CN110602812A - Novel degradable film heater and preparation method thereof - Google Patents

Abstract

The invention discloses a degradable film heater and a preparation method thereof, which adopts paper as a substrate, greatly reduces the manufacturing cost, and ensures that the film heater has excellent degradable characteristic and is easy to treat and recycle. The ignition point of the common paper is about 130 ℃ to 180 ℃, the safe temperature range can meet the requirements of most application fields, and the common paper is particularly suitable for disposable use in the medical field. Compared with the traditional process, the degradable film heater prepared by the invention greatly improves the fit degree of the film and the human body, simplifies the processing flow, reduces the cost and is beneficial to the application on the human body.

Description

A novel degradable film heater and its preparation method

technical field

The invention belongs to the field of degradable film heaters, and in particular relates to a degradable film heater based on a silver nanowire conductive network and a preparation method thereof.

Background technique

Due to its good electric heating performance, thin film heaters have great application potential in medical equipment, intelligent defrosting devices, thermal displays, etc.

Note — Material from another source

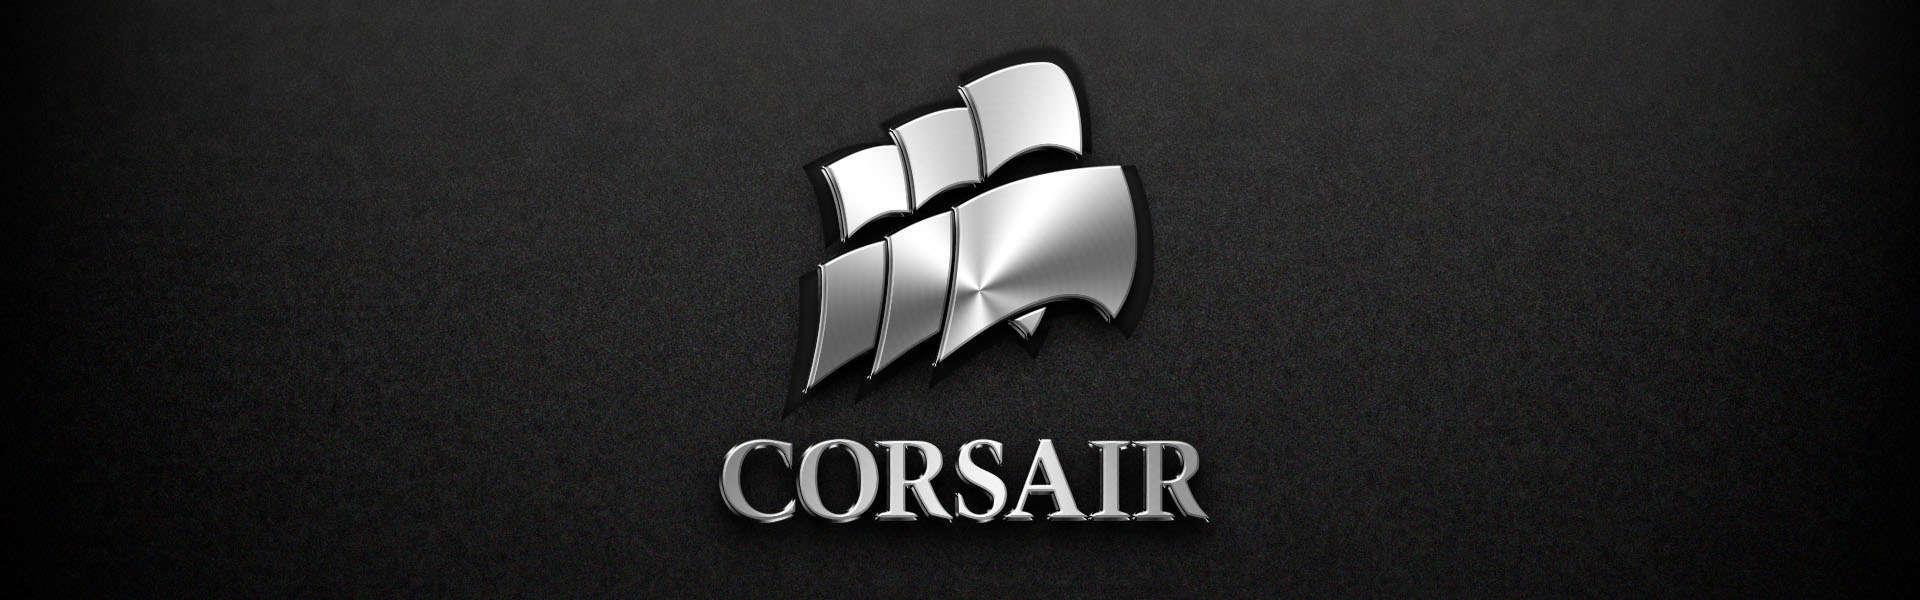 Corsair T2 Road Warrior Review

The thin film heater consists of two parts: a resistive layer and a flexible substrate. From the perspective of the materials used in the resistance layer, the metal nanowires have the good resistance properties and good flexibility properties required by the electrodes. Among them, silver nanowires have become an ideal material for making flexible heaters due to their good stability and relatively cheap price. From the perspective of substrate materials, traditional film heaters use polydimethylsiloxane (PDMS), polyethylene terephthalate (PET), and copolyester (Ecoflex) plastic substrates. Difficult to handle, difficult to degrade, causing environmental pollution.

Contents of the invention

The invention provides a degradable thin film heater and a preparation method thereof, which solves the problem that the traditional thin film heater in the prior art uses a plastic substrate which is not easy to handle, not easy to degrade, and causes environmental pollution.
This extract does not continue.